The Love of Saint John Paul II

True love is not satisfied with "I’m ok, you’re ok," but challenges us to virtue, to pursuit of the good, and to friendship with Jesus Christ.

As I crossed the Tiber early last Sunday morning, the crowds were so thick and pushing that it took more than an hour to move the last 50 yards to turn the corner onto Via Conciliazione and a view of St. Peter’s Basilica.

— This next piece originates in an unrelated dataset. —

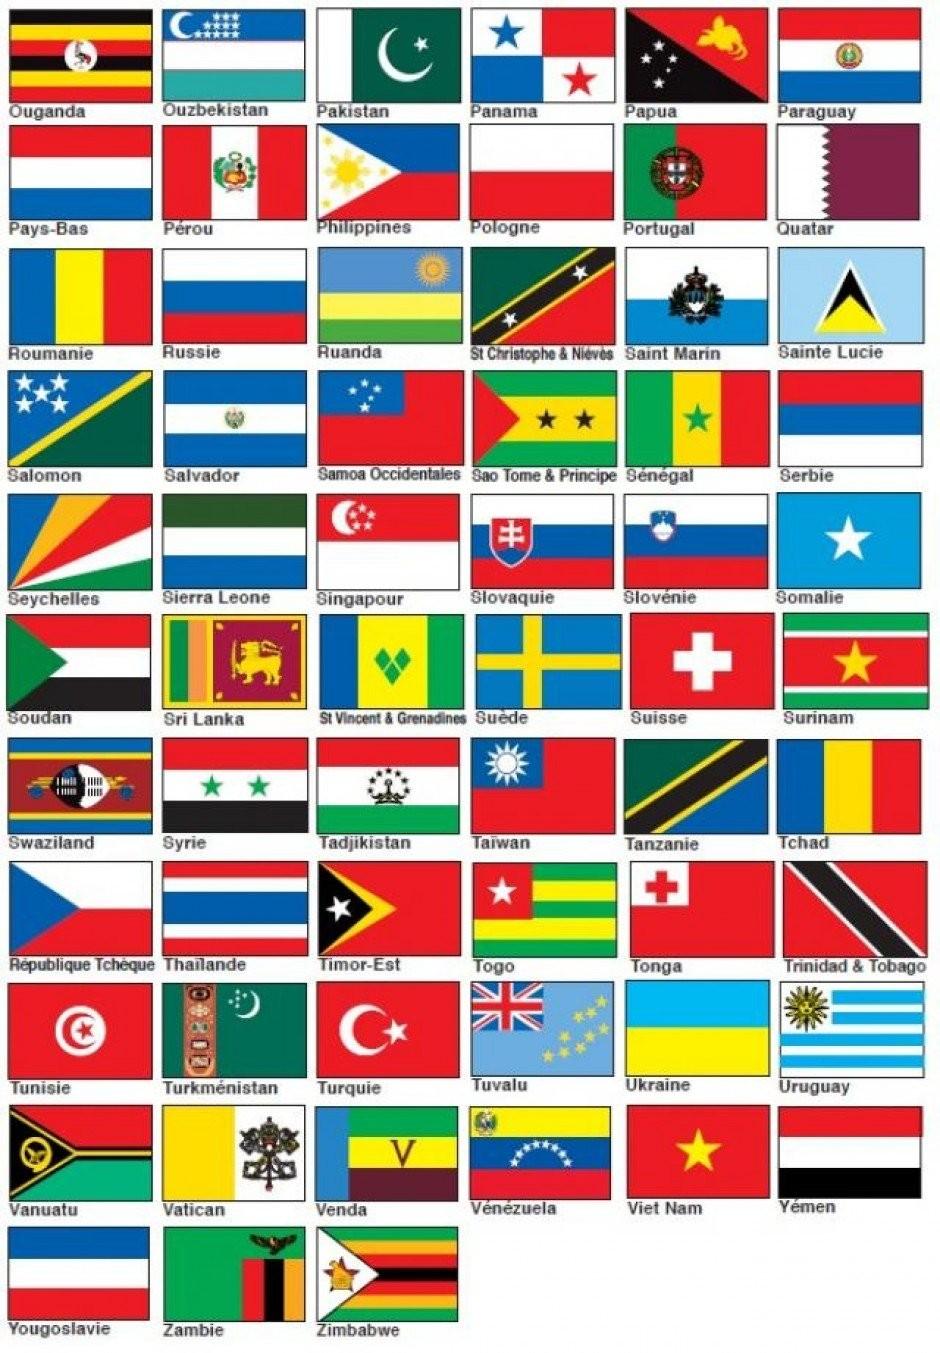 Les drapeaux qui se ressemblent. - (4)

There were pilgrims from all parts of the world: Spaniards, Australians, a remarkable number of French (including a couple whose five young children wore matching jackets), a large group from Equatorial Guinea were also matching with commemorative traditional garb marked with images of Pope John Paul. I saw Slovaks, Americans, Nigerians, Lebanese, Italians, and legions of Poles young and old, waving red and white flags and holding banners. More than one million Poles came to Rome to see their native son raised to the altars. A risk-taking American couple had brought along three of their children, including a five-month-old in a baby carriage. At moments it was unnerving to stand in such a crush of people, yet despite the multitude, nearly everyone kept their calm and minded their manners. It was no European football match.

The love that John Paul II evokes has long perplexed journalists. George Weigel tells the story of a reporter who was stunned to see 90,000 people in Denver’s Mile High Stadium chanting “JP II, we love you!” She attempted to explain away the faithful as “Vatican plants.” There is an attractiveness about sanctity that doesn’t fit into our normal categories. Perhaps this is why it is easier for the media not to deal with it.

I think we love John Paul II for a very simple reason—because, as St. John says of Christ, “He loved us first.”

He was a father to us. He called us to become more than we had thought possible, to become what we were created to be. He spoke to our inner being, about our fears and worries, about what it means to be a person—a genuine subject, amidst a culture that objectifies persons and often discards them. He urged us to know ourselves, starting with the fact that each one of us is created by God for a purpose, with dignity and meaning that goes beyond what society deems as useful. John Paul’s love was not a banal, sentimental love. There was a sternness about him too, that sometimes shamed us and said, “You must change your life.”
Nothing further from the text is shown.